Including her here is part homage and part inspiration. Though our relationship has changed she is still with me every single day.
“REMEMBER THAT WHEN YOU LEAVE THIS EARTH, YOU CAN TAKE WITH YOU NOTHING THAT YOU HAVE RECEIVED - ONLY WHAT YOU HAVE GIVEN.”
- St. Francis of Assisi
IT’S TIME TO START TALKING ABOUT ALL ASPECTS OF BEING HUMAN...
My very first memory of death was standing alongside my grandfather (Pup) as we knelt by the casket of his Mom, my great grandmother Catherine. He talked me through what happens when you die and he talked about her body and her soul. I was 11 years old at the time. I remember her hands... so taken by her hands and the lack of life in them. Pup spent much of my childhood with a diagnosis of prostate cancer. My Mom, a nurse by training, taught my sister, brother and I to treasure our time with him in case it was our last. By the age of 16, my best friend was diagnosed with leukemia. In the spring of my final year of high school my Dad was diagnosed with a malignant glioblastoma (brain tumour) and for my first two years of university he underwent surgery and all medical treatments offered until there were no more. He died the summer between my second and third year of my undergraduate degree.
My parents were always incredibly open and I always understood what decisions were being made and why. I had access to my Dad’s medical team and I asked a lot of questions. My Dad’s neurosurgeon wrote a letter of recommendation for me a few years later when I applied to graduate school. In the 3 years that followed my father’s death, Pup died of bone cancer, my great aunt Mae with lymphoma, my grandmother Grace with lung cancer.

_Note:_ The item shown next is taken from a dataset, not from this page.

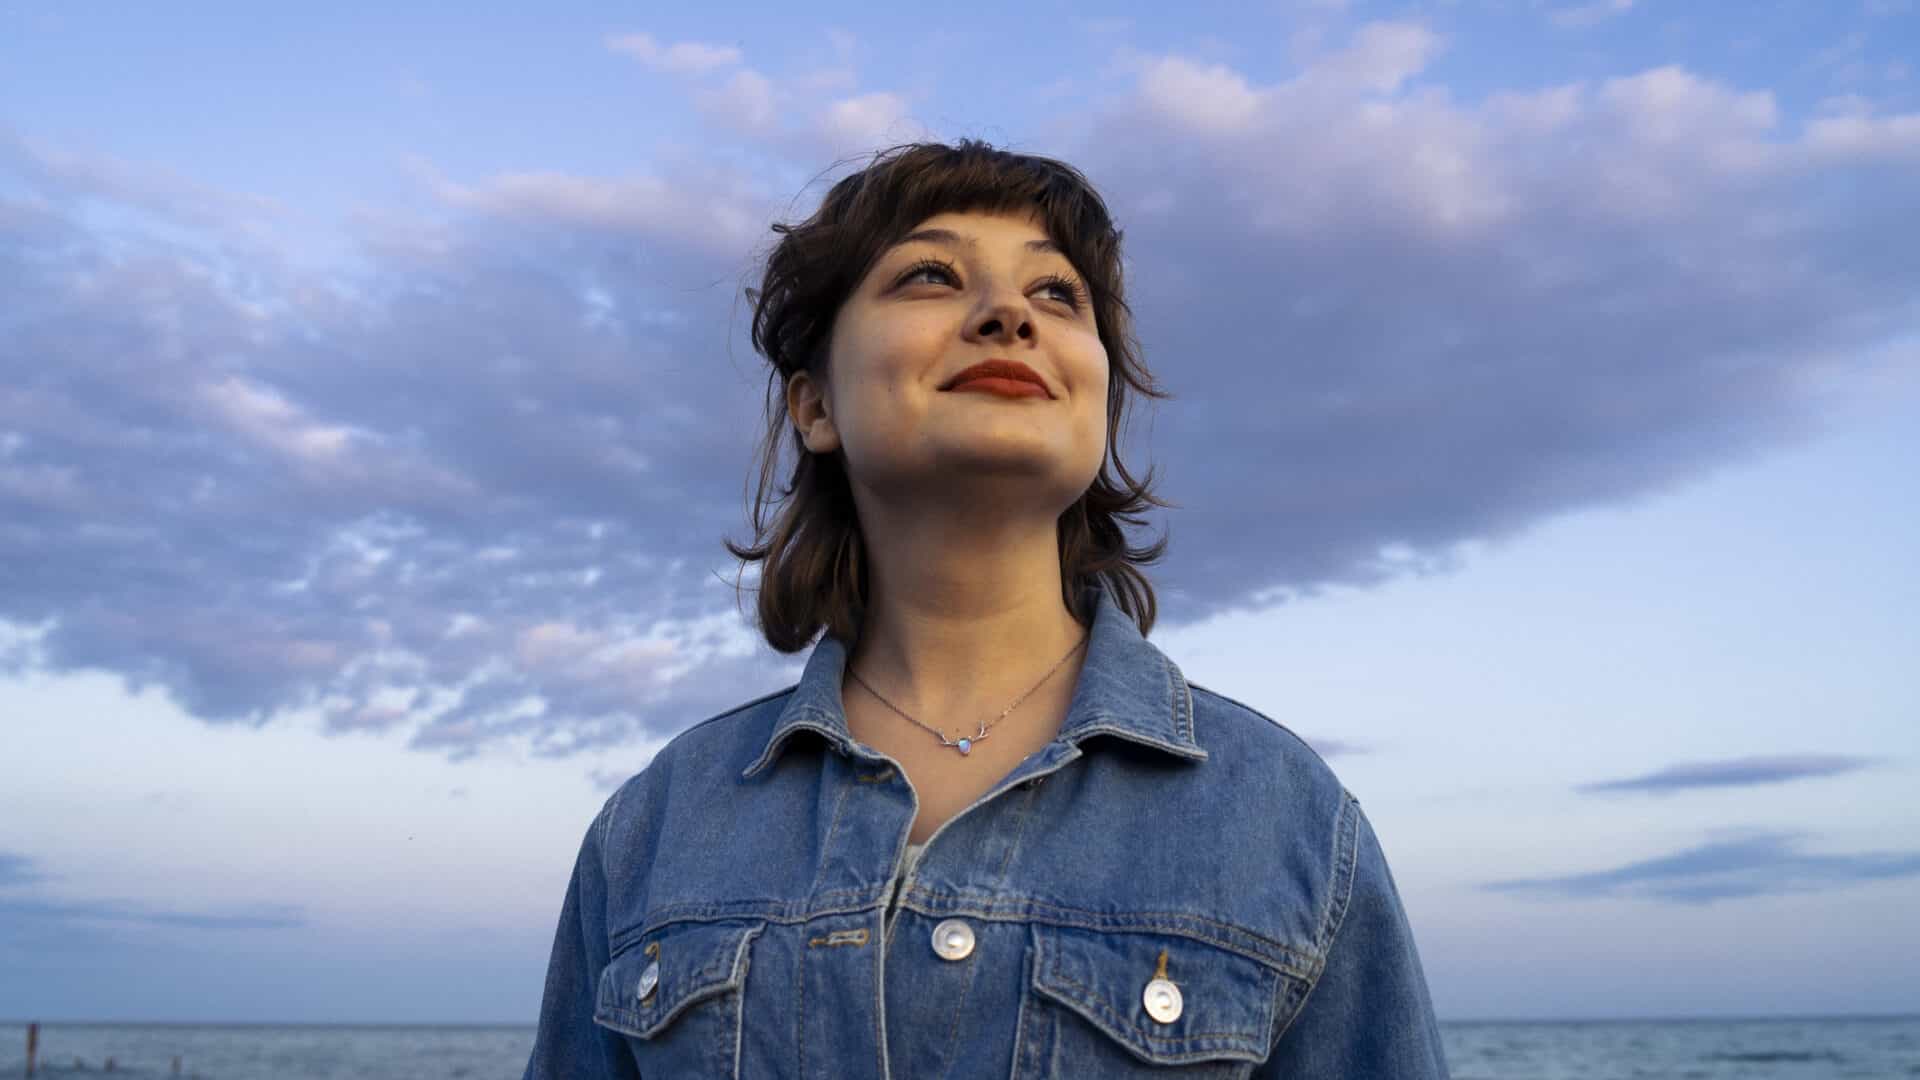 Photograph of a young woman wearing a denim jacket and smiling towards the sun, taken in the pastel colours of the sunset.

I know that when people and their loved ones are supported in having tough conversations, in putting plans into place, putting practical matters on paper, there is room to focus on what matters most; the present moment. When the person and their family are expertly cared for, there is less anxiety and fear and the process of the transition is a place of the love we feel. We each bear the responsibility to work out our own dying AND our culture does not make room for these conversations easily nor do most people have much experience with the dying process.
I WANT TO MAKE IT EASIER TO HAVE THE TOUGH CONVERSATIONS.
I WANT TO PROVIDE YOU WITH A GREATER UNDERSTANDING OF OPTIONS OFFERED, IN NAVIGATING YOUR CHOICES.
I AM HERE TO HELP YOU EXPLORE WHICH CONVENTIONAL & NON-CONVENTIONAL STRATEGIES MAY FEEL RIGHT TO YOU, AND HELP YOU PREPARE LEGAL AND MEDICAL DOCUMENTS THAT MUST BE IN PLACE FOR THESE CHOICES TO BE RESPECTED AND FOLLOWED WHEN YOU CAN NO LONGER SPEAK FOR YOURSELF.